- Born: 3 August 1928 Leningrad, Soviet Union
- Died: 15 March 1991 (aged 62) Leningrad, Soviet Union
- Education: Repin Institute of Arts
- Known for: Painting
- Movement: Realism

= Vladimir Seleznev =

Russian painter (1928–1991)

Vladimir Ivanovich Seleznev (Владимир Иванович Селезнев; 3 August 1928 – 15 March 1991) was a Soviet Russian realist painter, lived and worked in Leningrad, member of the Leningrad branch of Union of Artists of Russian Federation, regarded by art historian Sergei V. Ivanov as a representative of the Leningrad school of painting, most famous for his genre paintings and portraits.

== Biography ==
Vladimir Ivanovich Seleznev was born on 3 August 1928 in the Leningrad, USSR.

In 1953 Vladimir Seleznev graduated from Ilya Repin Institute in Rudolf Frentz workshop. He studied under Mikhail Platunov, Ivan Stepashkin, Piotr Belousov, and Yuri Neprintsev.

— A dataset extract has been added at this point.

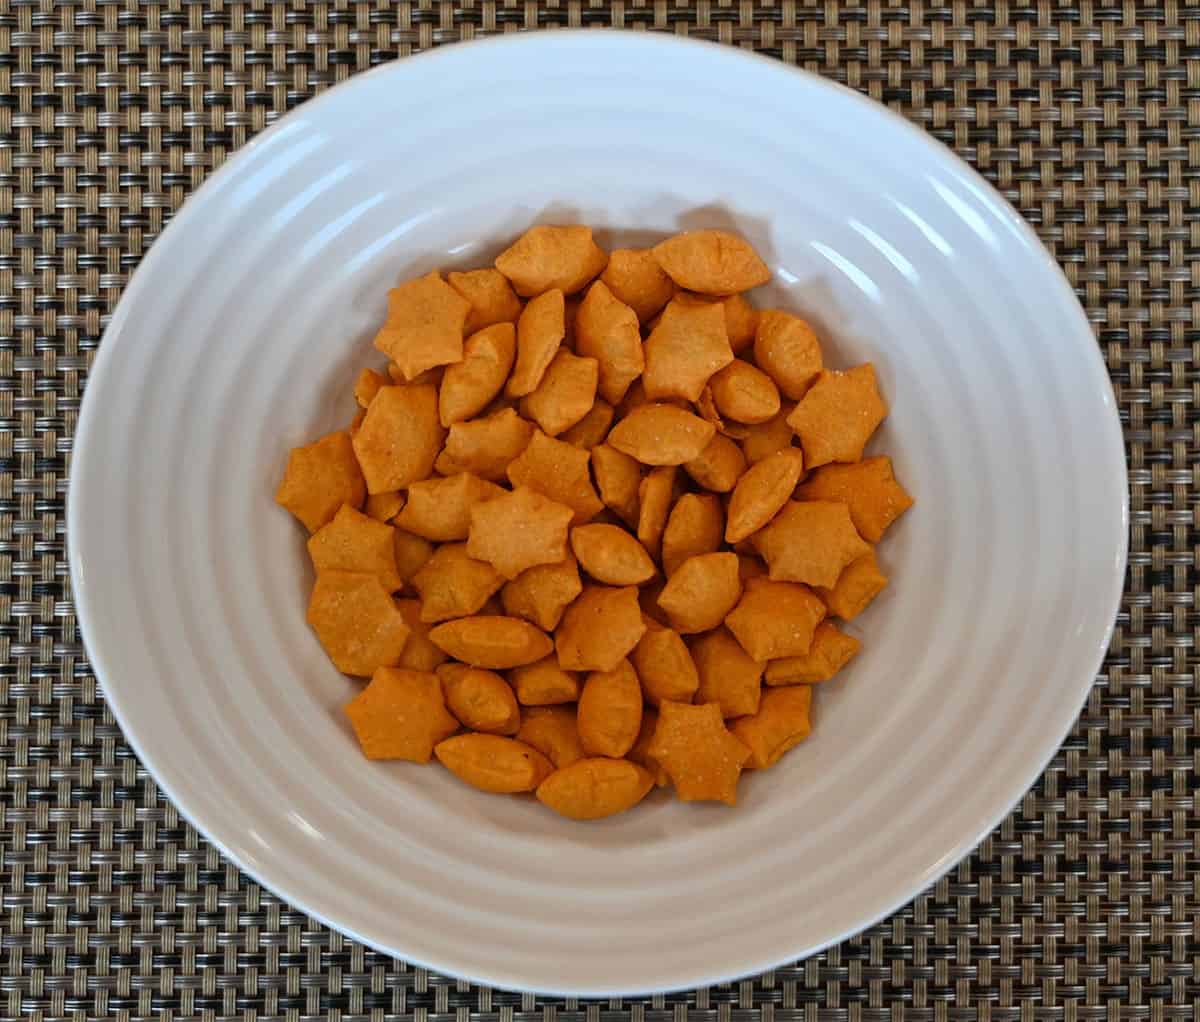 Costco MadeGood Star Puffed Crackers poured into a white bowl, top down image.

Since 1951 Vladimir Seleznev has participated in Art Exhibitions. He painted portraits, landscapes, battle and historical paintings, genre scenes, and etudes done from nature.

Vladimir Seleznev was a member of Leningrad Union of Artists since 1953.

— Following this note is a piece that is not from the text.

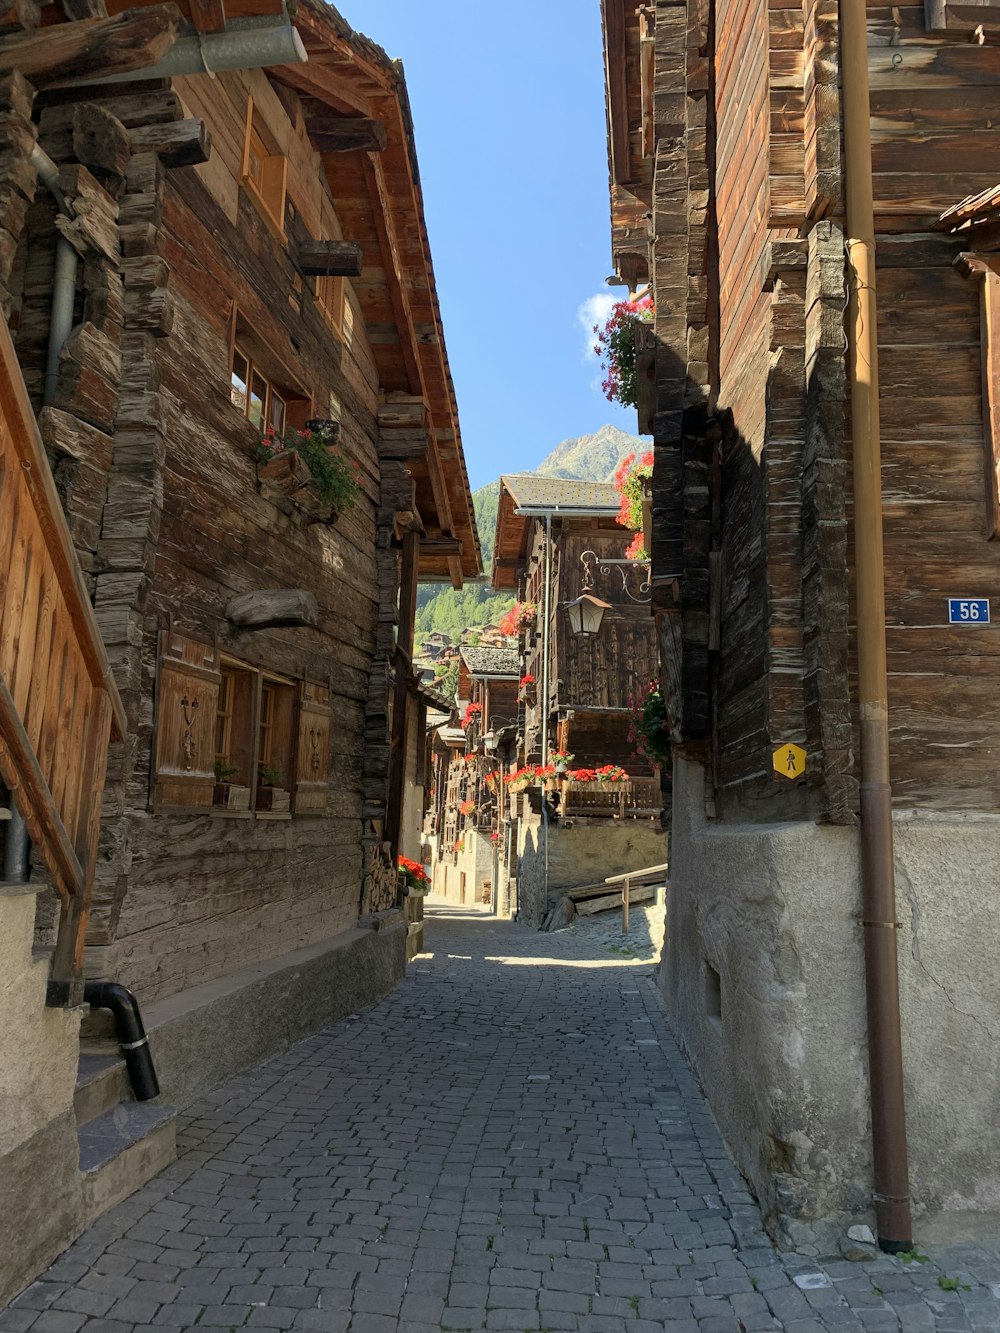 a cobblestone street with wooden buildings on both sides

Vladimir Ivanovich Seleznev died on 15 March 1991 in Leningrad. His paintings reside in Art museums and private collections in Russia, USA, France, England, and throughout the world.

== Bibliography ==
- Directory of members of the Leningrad branch of Union of Artists of Russian Federation. - Leningrad: Khudozhnik RSFSR, 1987. - p. 116.
- Matthew C. Bown. Dictionary of 20th Century Russian and Soviet Painters 1900-1980s. - London: Izomar, 1998. ISBN 0-9532061-0-6, ISBN 978-0-9532061-0-0.
- Anniversary Directory graduates of Saint Petersburg State Academic Institute of Painting, Sculpture, and Architecture named after Ilya Repin, Russian Academy of Arts. 1915 - 2005. - Saint Petersburg: Pervotsvet Publishing House, 2007. - p. 71. ISBN 978-5-903677-01-6.